§ **What is expected**
Transcribe each line of the material as it is, and drop any picture.

§ **Data block**
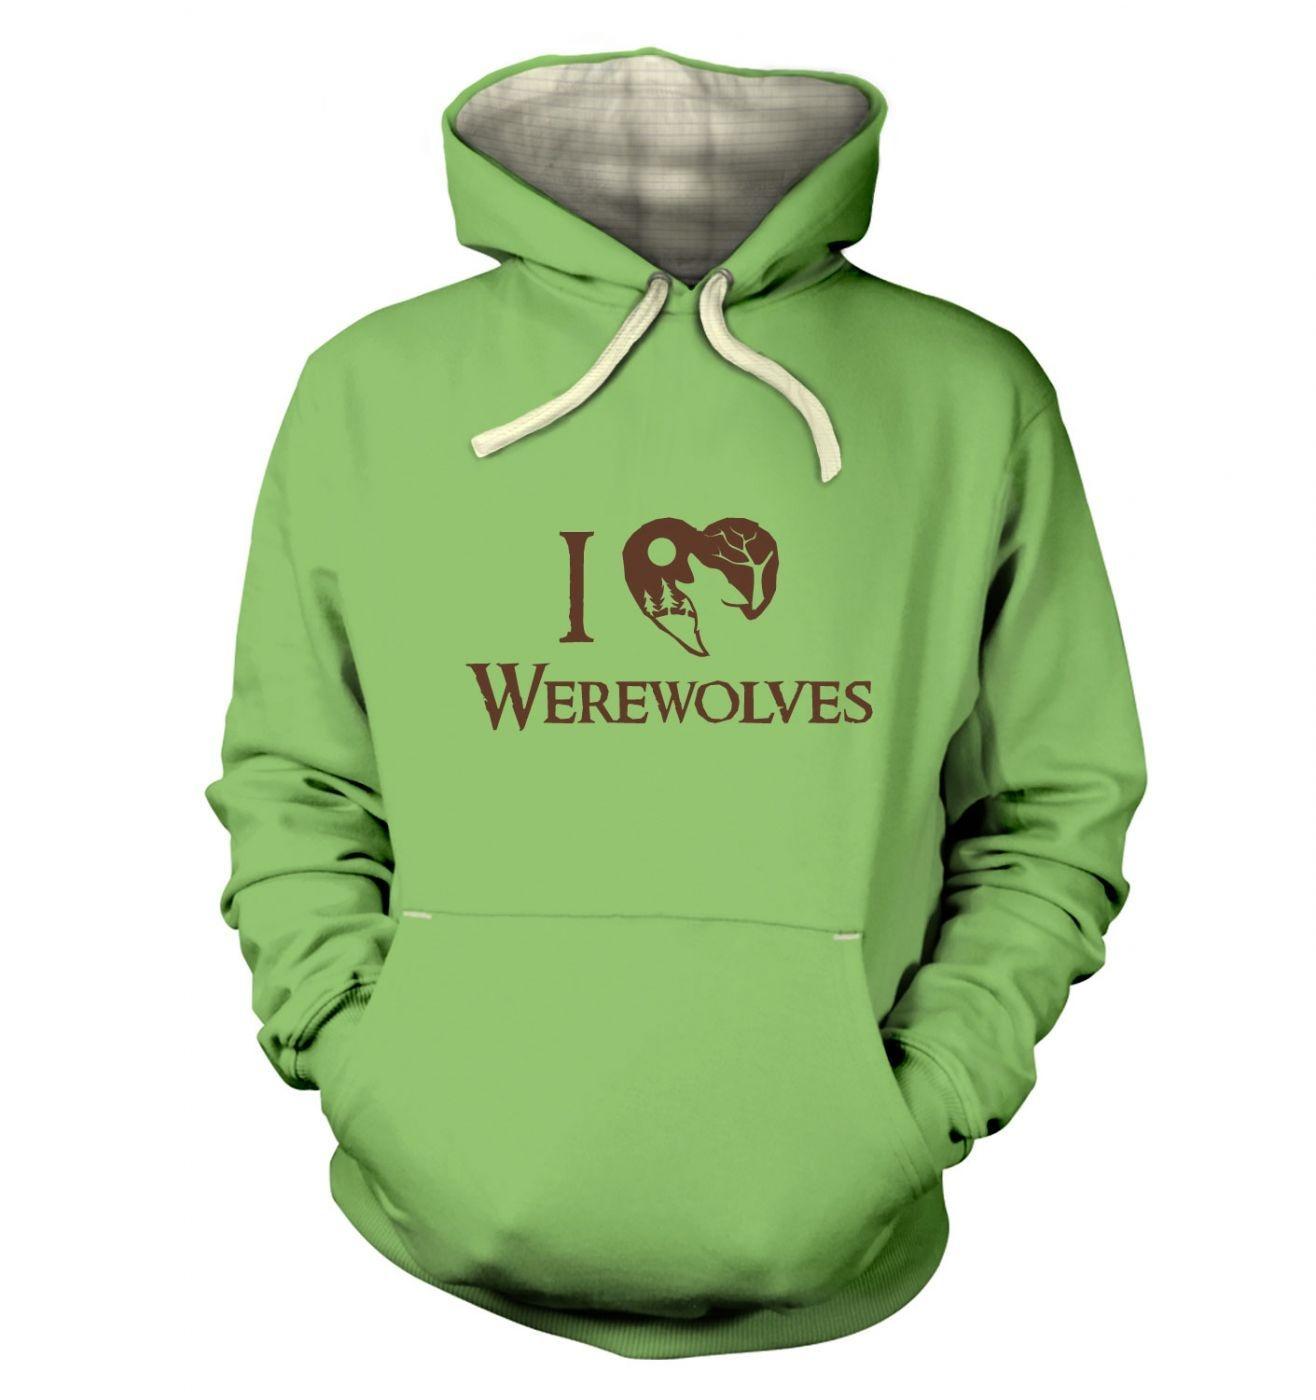 I Heart Werewolves premium hoodie
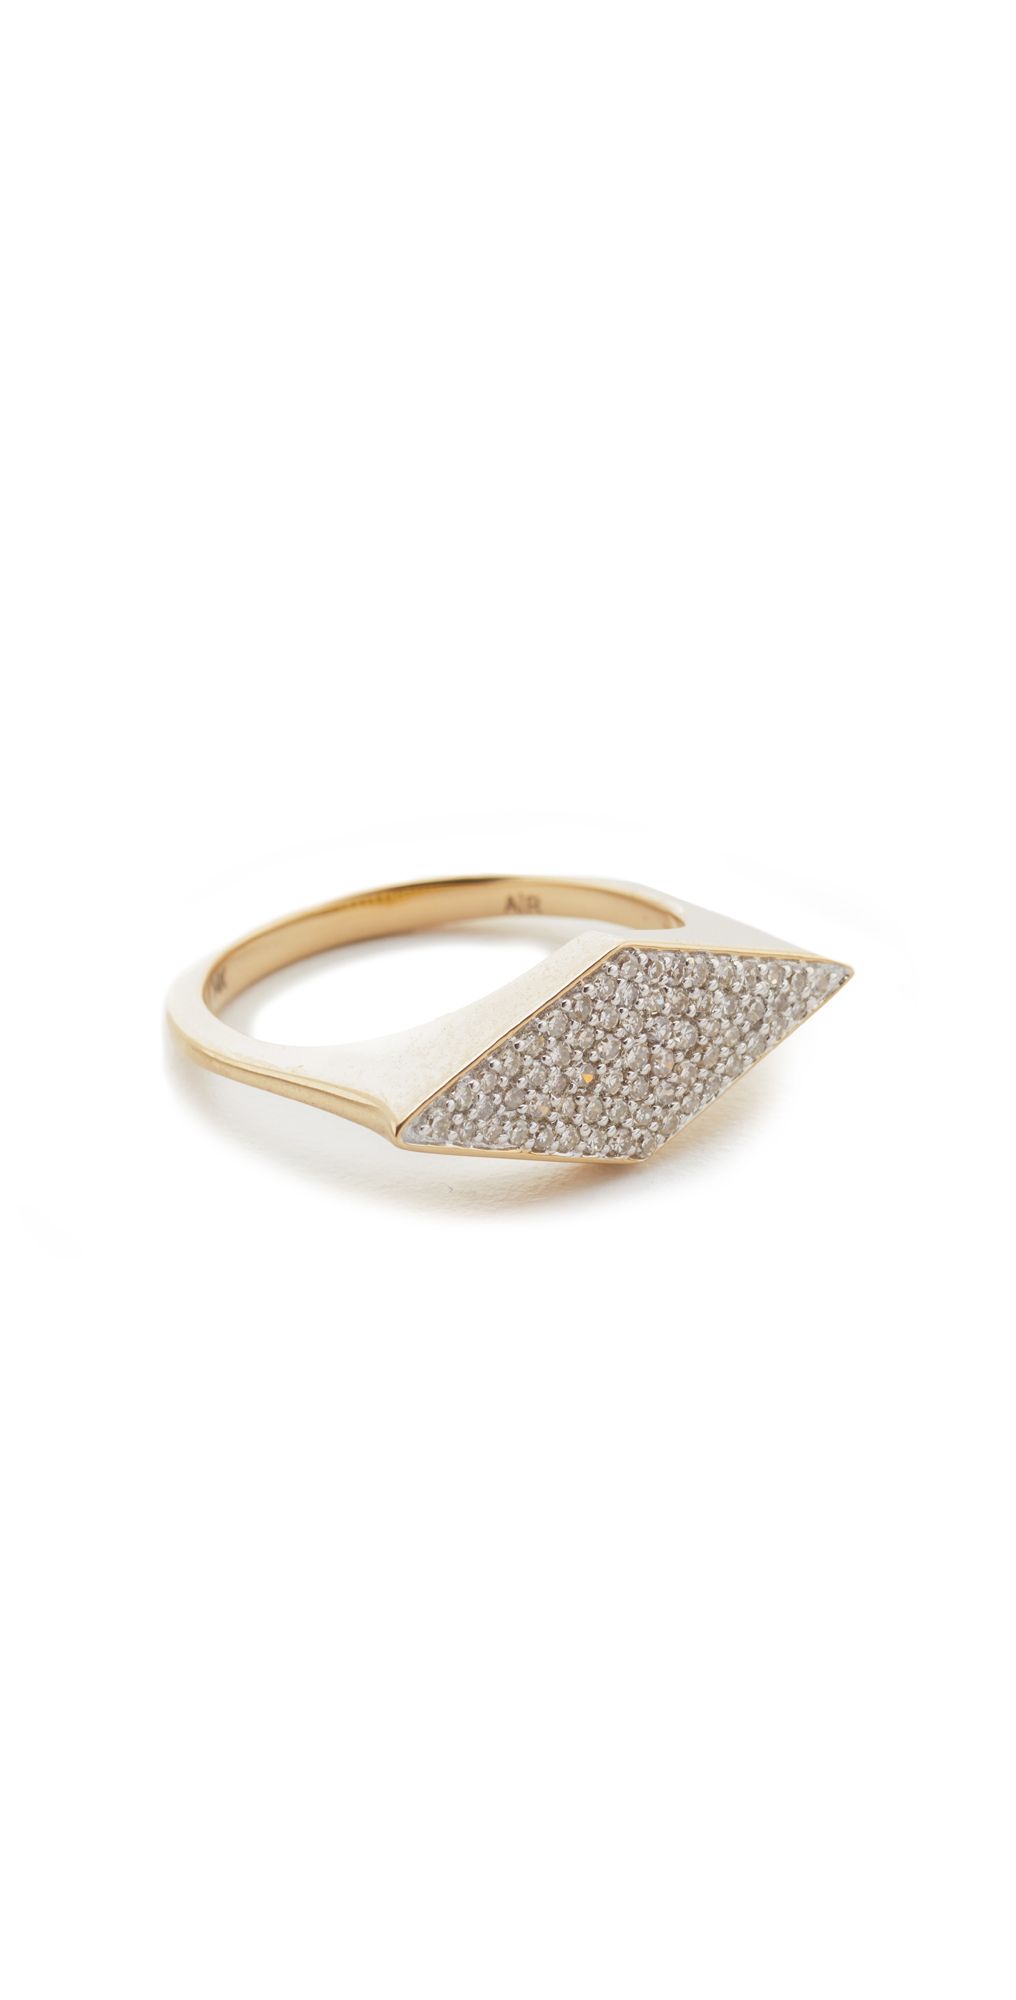 14k Gold Stretched Diamond Signet Ring Adina Reyter
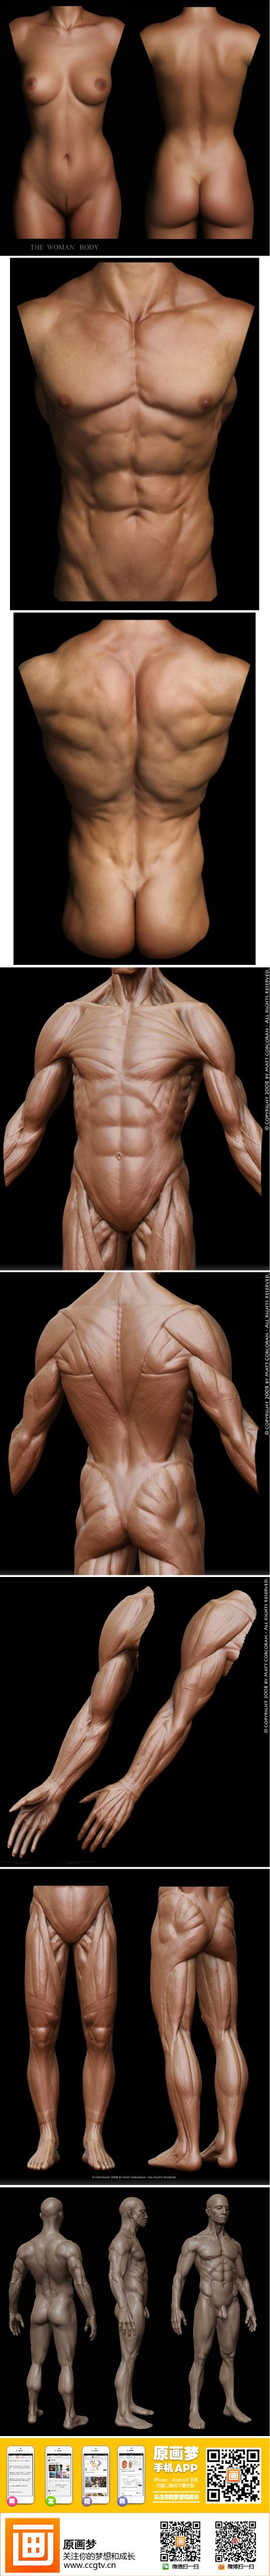 CG硬克美术资源网的微博|新浪微博-随时...@莫须有的猫采集到人体结构,肌肉参考(64图)_花瓣游戏

§ **Output of the task**
 I Heart Werewolves premium hoodie
 14k Gold Stretched Diamond Signet Ring Adina Reyter
 CG硬克美术资源网的微博|新浪微博-随时...@莫须有的猫采集到人体结构,肌肉参考(64图)_花瓣游戏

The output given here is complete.